Despite this, however, the Obama Administration is still pushing for the very policies that are destabilizing Pakistan and its nuclear materials – as revealed by the Wikileaks cable. While outside observers have criticized U.S. policy towards Pakistan, the critical importance of the Wikileaks cables is that they offer official proof that (1) U.S. and allied experts are extremely worried about the instability of Pakistan’s nuclear stockpile; and (2) U.S. policy is destabilizing both Pakistan and its nuclear materials, and thus endangering U.S. national security.

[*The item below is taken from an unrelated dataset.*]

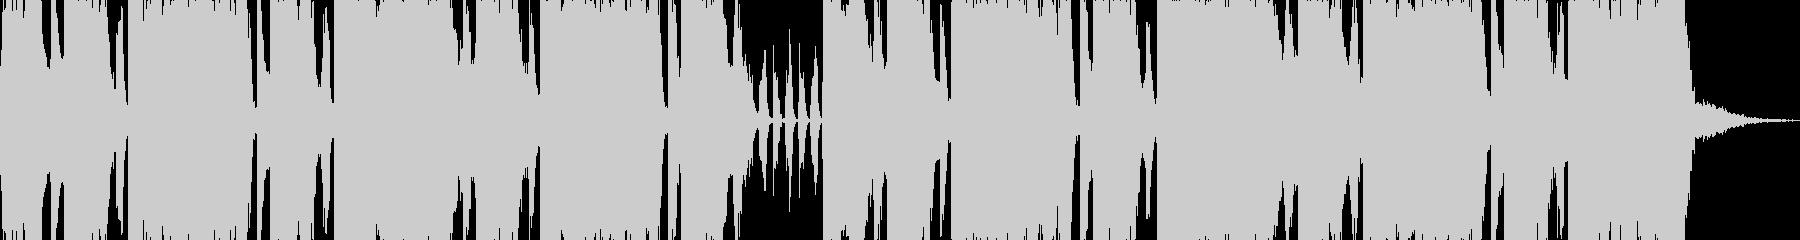 ロックエレキが気持ちい30秒ジングル2の未再生の波形
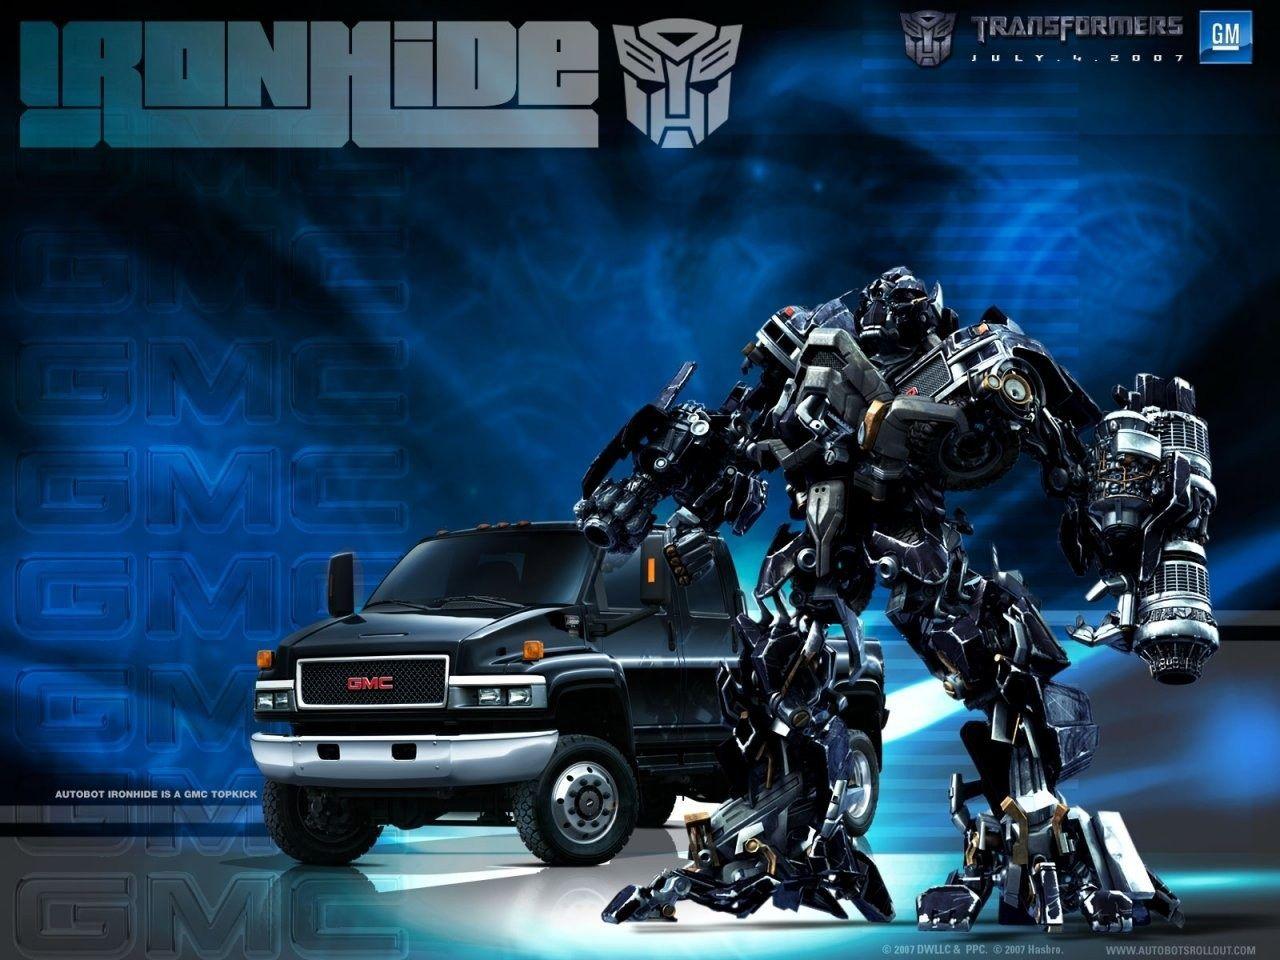 Fotos De Autos Y Motos De Todos Los Modelos Transformers Ironhide Transformers Transformers Imagenes Transformers

Ambassador Patterson, reporting on the Pakistani government breaking its 2007 written agreement to return U.S.-supplied nuclear material to the U.S., wrote in quoting a Pakistani official that “if the local media got word of the fuel removal, `they certainly would portray it as the United States taking Pakistan’s nuclear weapons.’” Patterson added that “the negative media attention has begun to hamper U.S. efforts to improve Pakistan’s nuclear security and nonproliferation practices” (5-27-09 cable). A subsequent cable revealed that Pakistani distrust of the U.S. government has left Washington unable to encourage Pakistan to sign key pacts limiting nuclear proliferation, and that there is little coordination on nuclear matters between the American and Pakistani governments ( 11-24-09 cable).

Patterson’s cables also reveal that U.S. leaders know that present policy is destabilizing Pakistan, thus making a nuclear disaster more likely. Referring to U.S. “unilateral operations” in northwest Pakistan (such as drone strikes, ground assassination and other infringements of Pakistani sovereignty), she wrote that “increased unilateral operations in these areas risk destabilizing the Pakistani state, alienating both the civilian government and military leadership, and provoking a broader governance crisis in Pakistan without finally achieving the goal.” She then added that “to be effective, we must extend the writ of the Pakistani state into the FATA [Federally Administered Tribal Areas] in such a way that Taliban groups can no longer offer effective protection to al-Qaeda from Pakistan’s own security and law enforcement agencies in these areas” (9-23-09 cable).